A concerted campaign
It is easy to view Trump’s Truth Social post last week as a tit-for-tat reaction to Britain’s critical stance on Greenland. Yet sources say the subtler truth is that a US recalibration on the deal had been in the works “for some time”. From Nigel Farage to Dame Priti Patel, the former home secretary, and Lord Kempsell, Boris Johnson’s former adviser, practically every Reform or Tory politician with connections to the White House has been urging the administration to change tack. They argue that in an era of hard power, international agreements are no failsafe against Chinese imperialism in the region and that, as Trump has since argued, only “strength” — code for British holding onto the territory — matters.
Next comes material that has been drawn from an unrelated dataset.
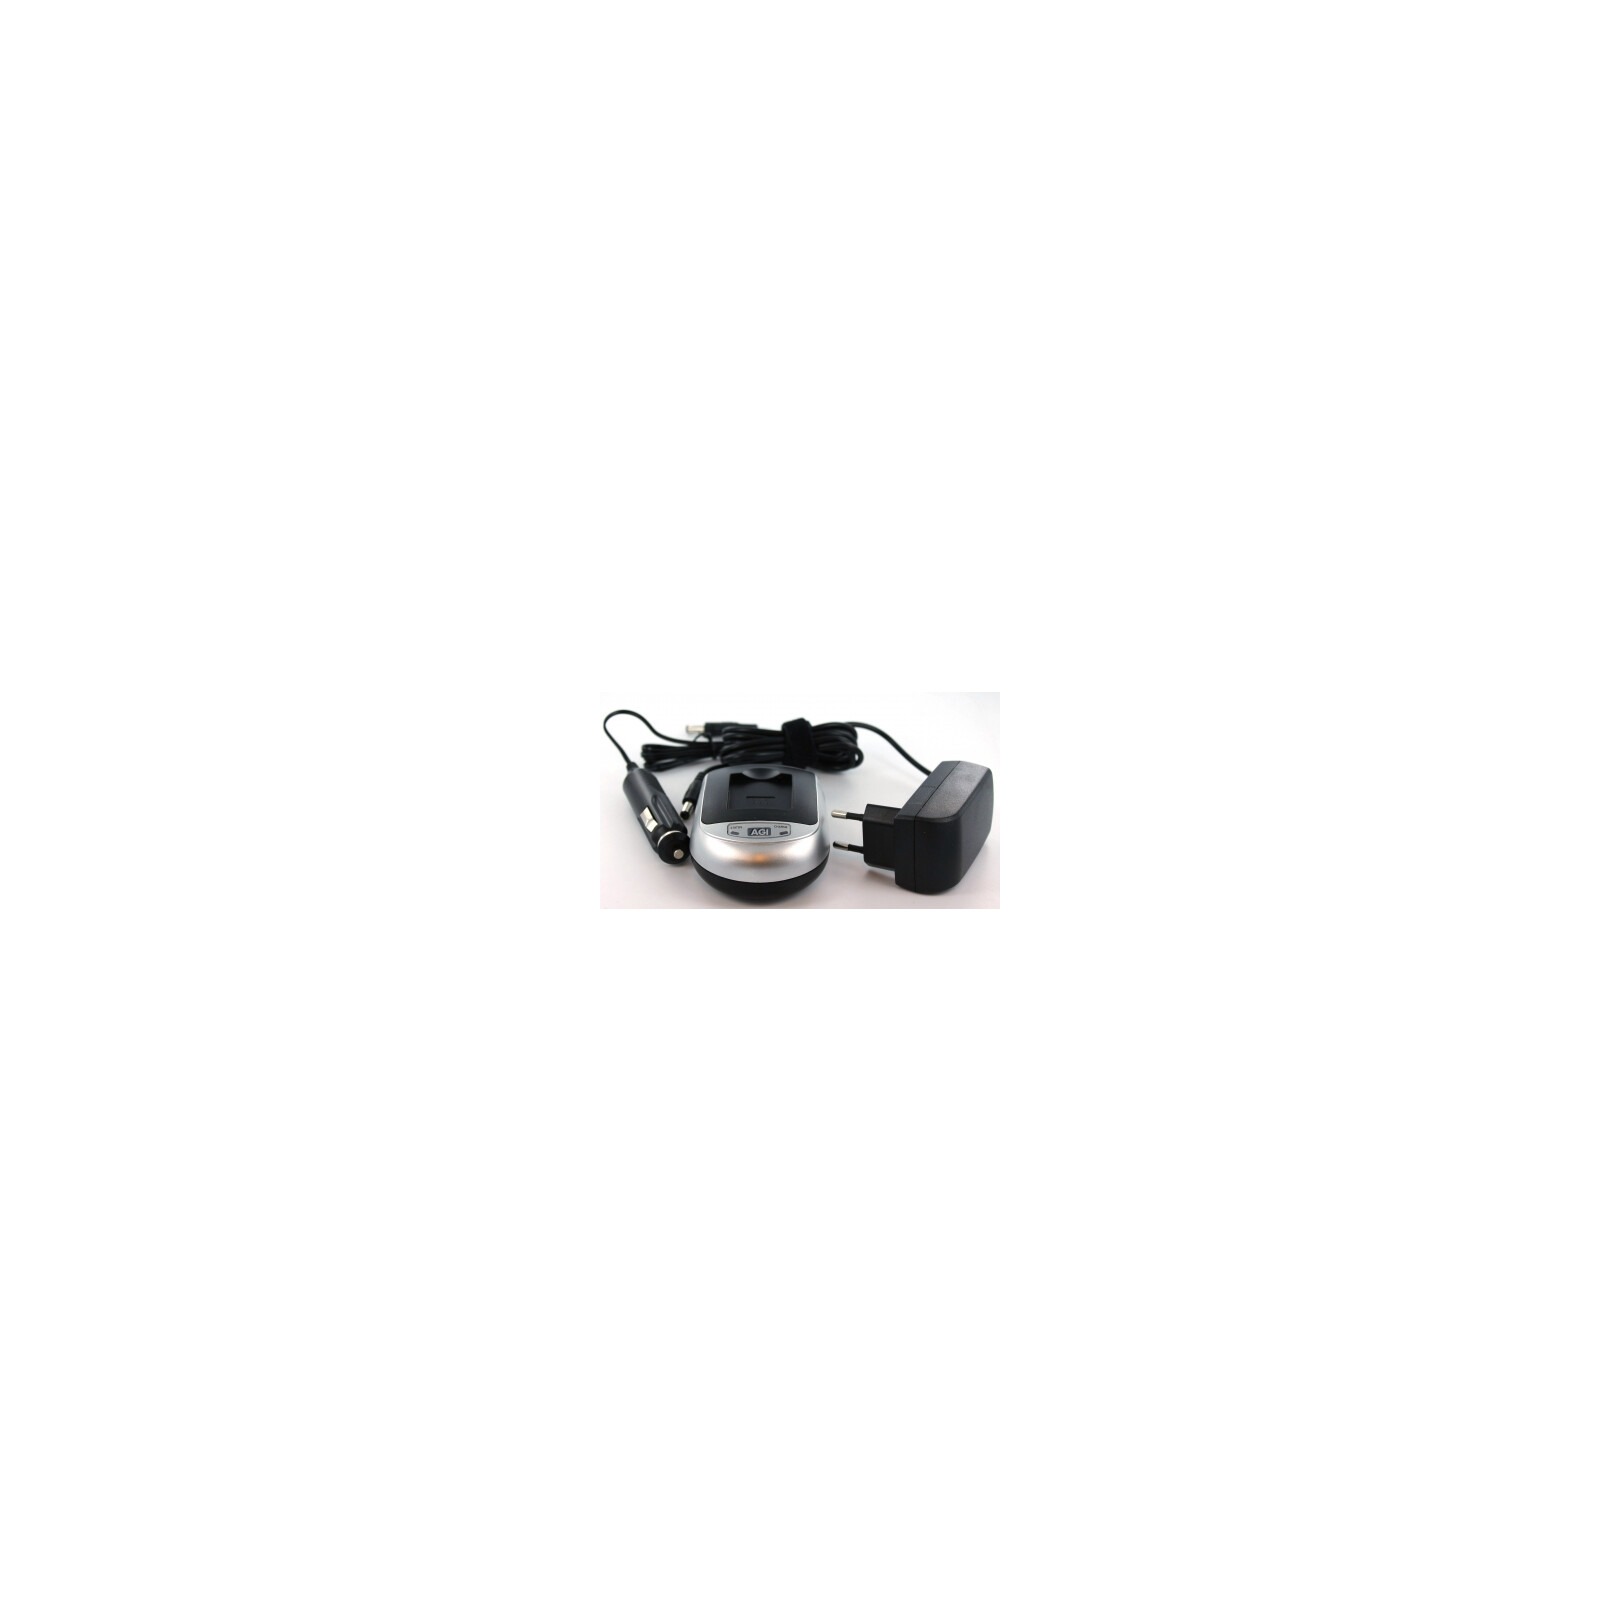 AGI Ladegerät Nikon Coolpix S2700
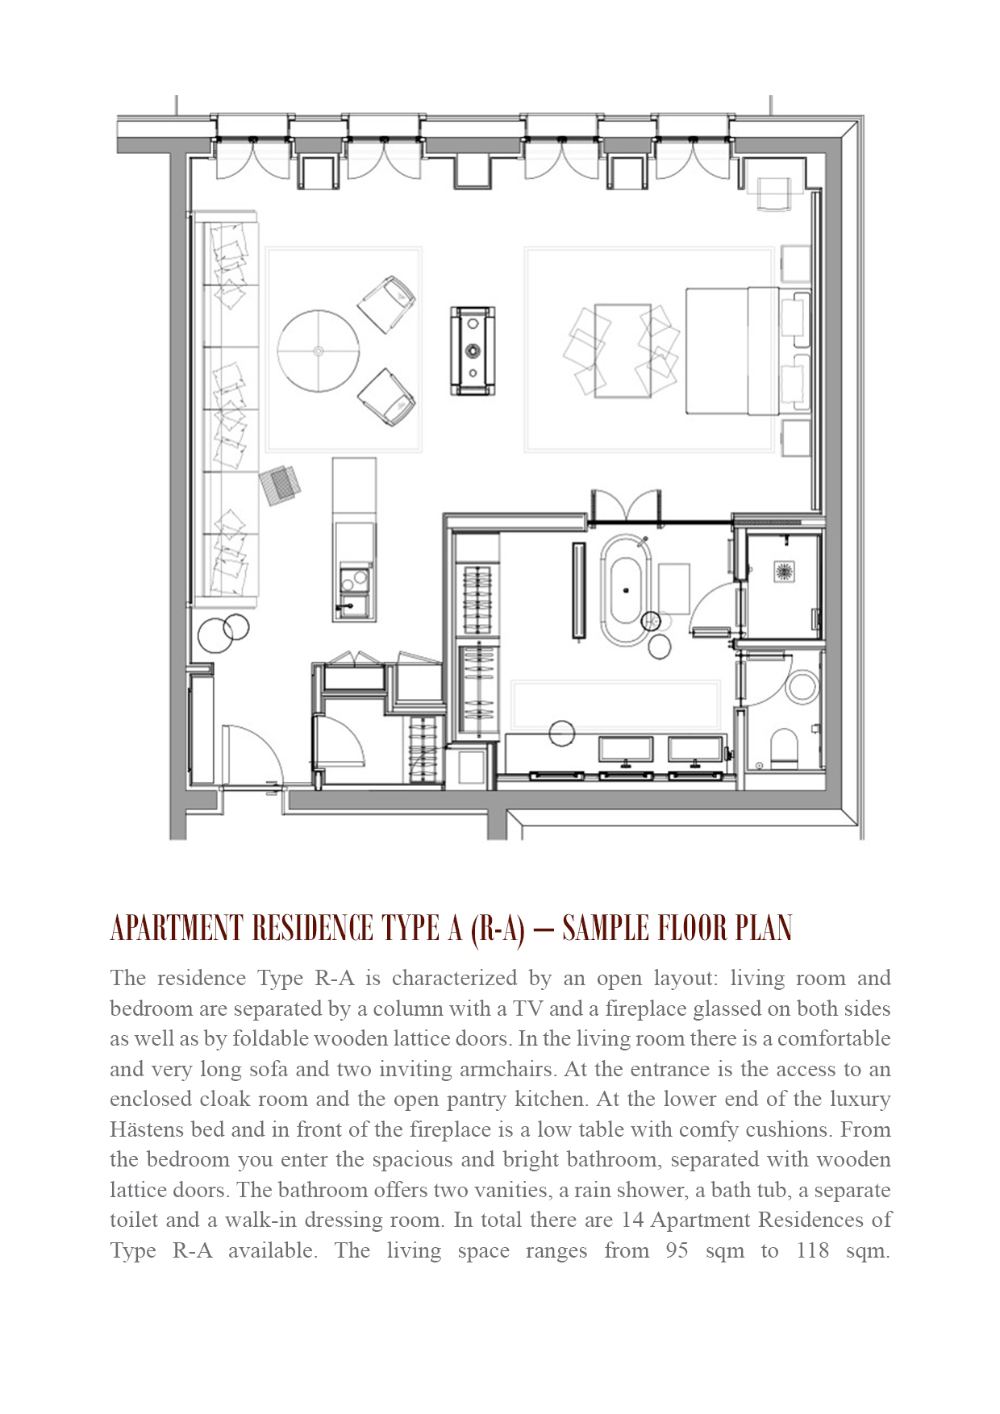 Chedi Andermatt Floorplans Chedi Andermatt Floor Plans Suma Luxury Realty In 2020 Floor Plans Apartment Floor Plans How To Plan

Several of these figures have raised the issue with Trump’s man in London: ambassador Warren Stephens, whom they believe is sympathetic to their cause. Trump is naturally disposed to any view that says countries — whether the US or Britain — ought to show strength, and act unilaterally, rather than through multilateral “globalist” institutions. So are many of his advisers. Richard Grenell, a “special missions” presidential adviser, is sceptical too. Meanwhile Farage has pressed Scott Bessent, the Treasury secretary with whom he dined at Davos last week, Peter Hegseth, the US secretary of war, and Mike Johnson, the House Speaker, on the issue. A source said: “Some admin figures have thanked Farage for helping to put the issue on their radar.”
• Britain and the Chagos, the seven-year mess that’ll cost us all

Nigel Farage has been central to the lobbying effort against the deal
JONATHAN ERNST/REUTERS
Just after 6pm on Friday, the government whips in the House of Lords wrote to peers saying a debate on the deal — scheduled for Monday — had been cancelled. The news came hours after the Tories had tabled an amendment demanding a pause “in light of the changing geopolitical circumstances”, threatening to prolong the legislative process required for the treaty to take effect. According to No 10, the bill will return in “due course”.
The question for Starmer now is the same as it was when the treaty was announced. Can he reconcile the politics of the moment with the “100-year thinking” that underpinned the agreement? The latest delay suggests the prime minister, for now, is living day by day.